Will almost certainly bite us at some point, vs just checking if a given thing is loaded or splitting the loads somewhere earlier etc.

[CyanideDragon]

@zachdaniel

After going over my notes and combing through the code again, I tried to make it without changing too much of the normal functionality. Please read below for my evaluations on what could be done. High risk is something I believe should be avoided outright. Low risk I believe should certainly be considered, but maybe too risky to implement in this PR and saved for a different one.

High risk:
run_before_action can be moved before authorize_query. This would make hook-added loads and calculations participate in authorization. The current method of hooks runs on a post-auth query. Any apps that rely on the current order would need to make their own changes.

High risk:
We could also move in the opposite direction with moving all calculation splitting after before_action, however, this would lead to a massive refactor. The model would be cleaner however. one split, one authorize pass. Everything that depends on calculation lists (hydrate, relationship_path_filters, authorize_sorts, etc.) would need to be moved to after hooks.

Fix:
I did also check on the deduplication. I could implement something like a before_action_load_diff. The deduplicate I realized, two loads with the same key can still differ in nested filters/selects. a dedupe by name could end up dropping the authorized version.

Low risk:
Inline or fold process_before_action calculations into apply_before_action_changes. It will be a thin wrapper. However, we would need to ensure that do not regress to the original bug of hook calc disappearing again, as the wrapper appends, not replaces. If map_size(query.calculations) == 0 then we skip work when the hook didn't add calcs. Removing this for the inline runs split_and_load_calculations unnecessarily. This is usually harmless, but we will get noise that could interact unexpectedly with a non-empty map. calculations.ex owns the split logic while read.ex orchestrates. This inline change would mean moving the body into read.ex. This brings an organizational risk where future calculation changes become easier to miss.

Low risk:
Inlining could also allow us to drop missing_pkeys?/2 helper. If we were to inline at line 3806 and delete the helper then this actually cause two duplications. we create two copies, delete the helper, and now we still have two copies. This can cause issues with wrong calc split behavior such as can_expression_calculation?. The helper would use query.resource and opts[:initial_data]. Inlining with the wrong query, such as outer vs post-hook, could miscompute expression-calc eligibility.

Low risk:
Extract shared "refresh calc contexts" helper. This removes duplicated add_calc_context mapping in 3 places. This one I would be most careful about, as the 3 blocks are not identical. (lines ~338-382, ~627-666, and ~3821-3858.) We can have another reintroduction of the original bug with stale queries. All three refresh calcs happen after updating the query because the hook may have changed tenant/context. Helper must take the post-hook query, not opts from before. This means that we must maintain the order of operations of refreshing calc contexts -> deselect_known_forbidden_fields in apply_before_action_changes. This helper needs to be structured to not reorder. Additionally, if we make it one helper with many operational kwargs, it can hide intentional difference between call sites.

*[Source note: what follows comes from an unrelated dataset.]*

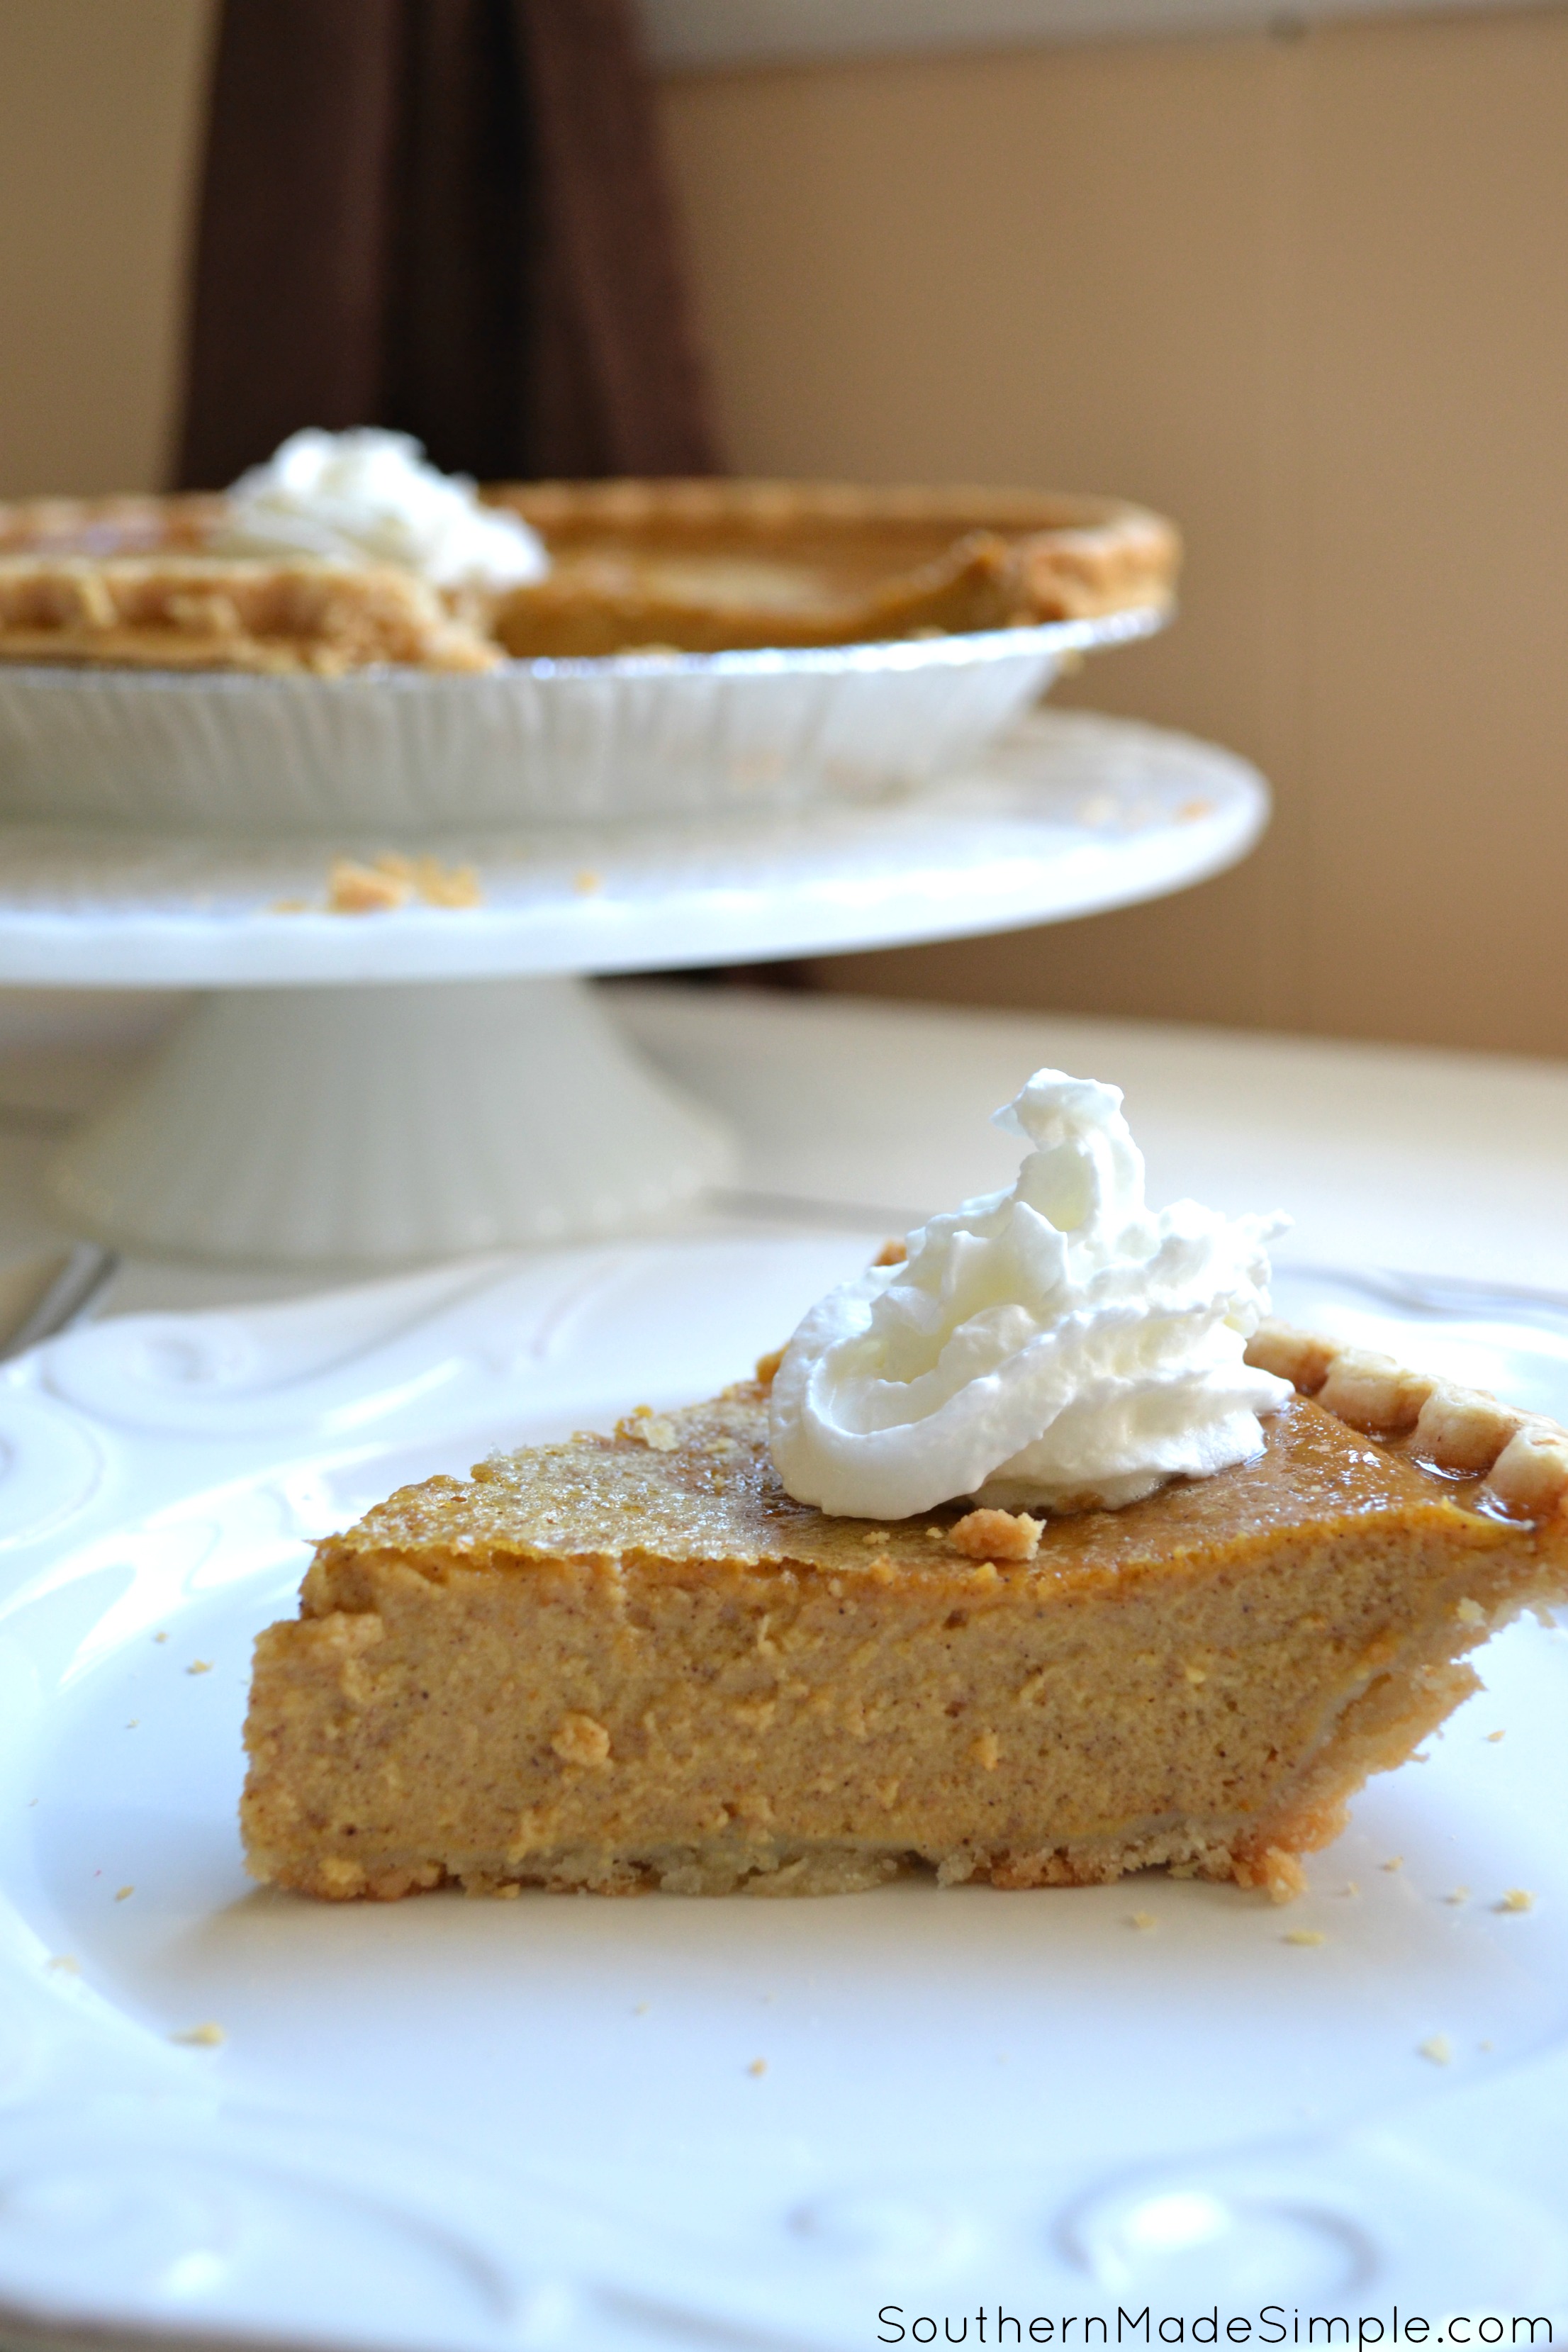 Pumpkin Custard Pie - a delicious twist on everyone's favorite Fall recipe: Pumpkin Pie! This particular pie has a very creamy texture and is perfect with a tall glass of milk!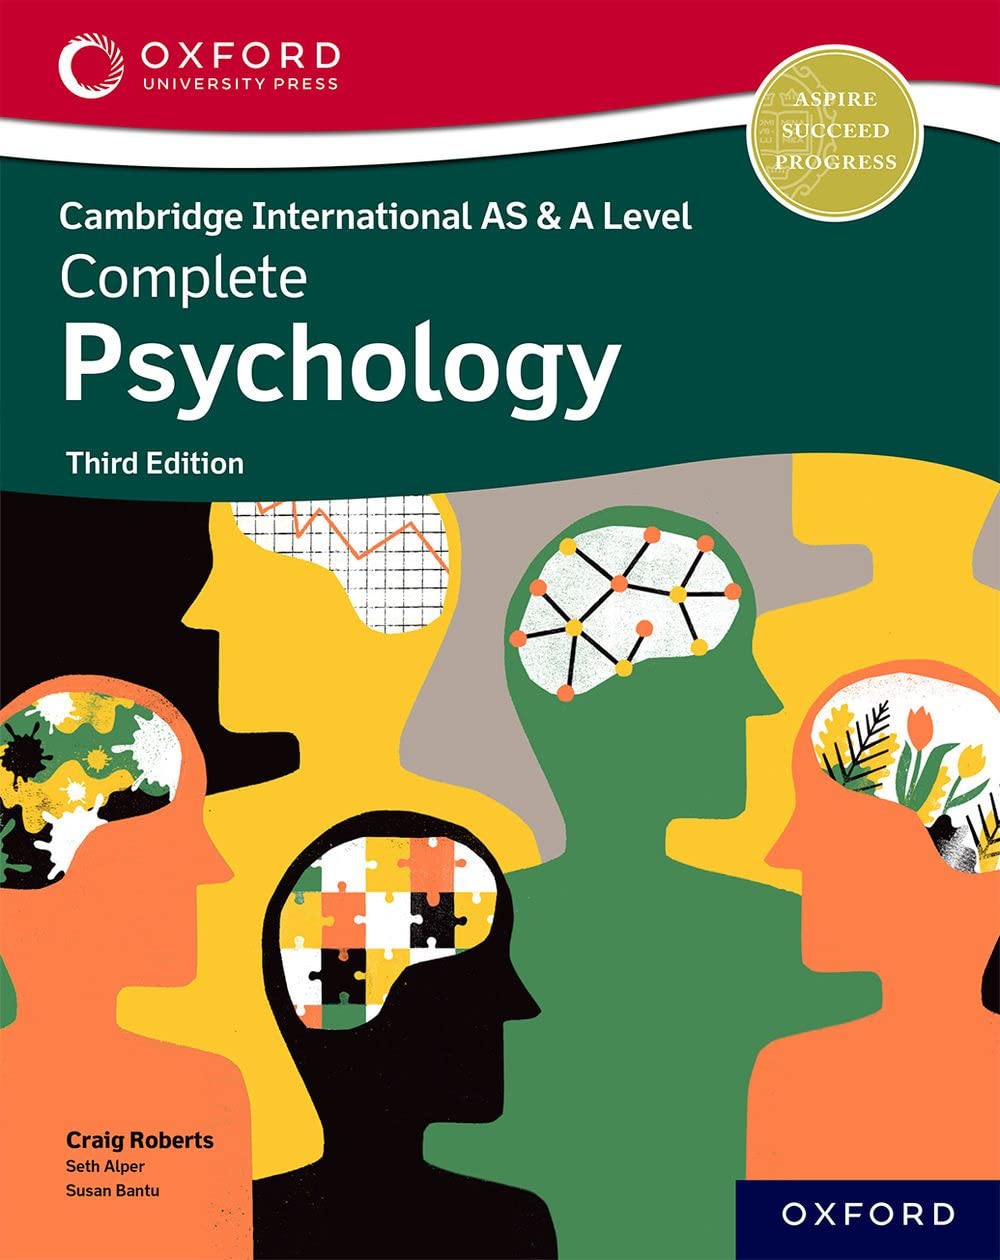 Oxford AS & A Level Complete Psychology: Third Edition Student Book

My suggestion would be for me to go back and use a diff instead of a dedupe, and then the low-risk issues could be attempted as a separate PR issue.

[zachdaniel]

Hello! I think that this implementation causes too many issues and that there isn't really a good way to do this. Instead what I think we should do is add a simple validation that query_after_before_action.load == query.load, i.e asserting that the load has been unchanged. We can then log a warning indicating that you cannot add load statements in before_action hooks.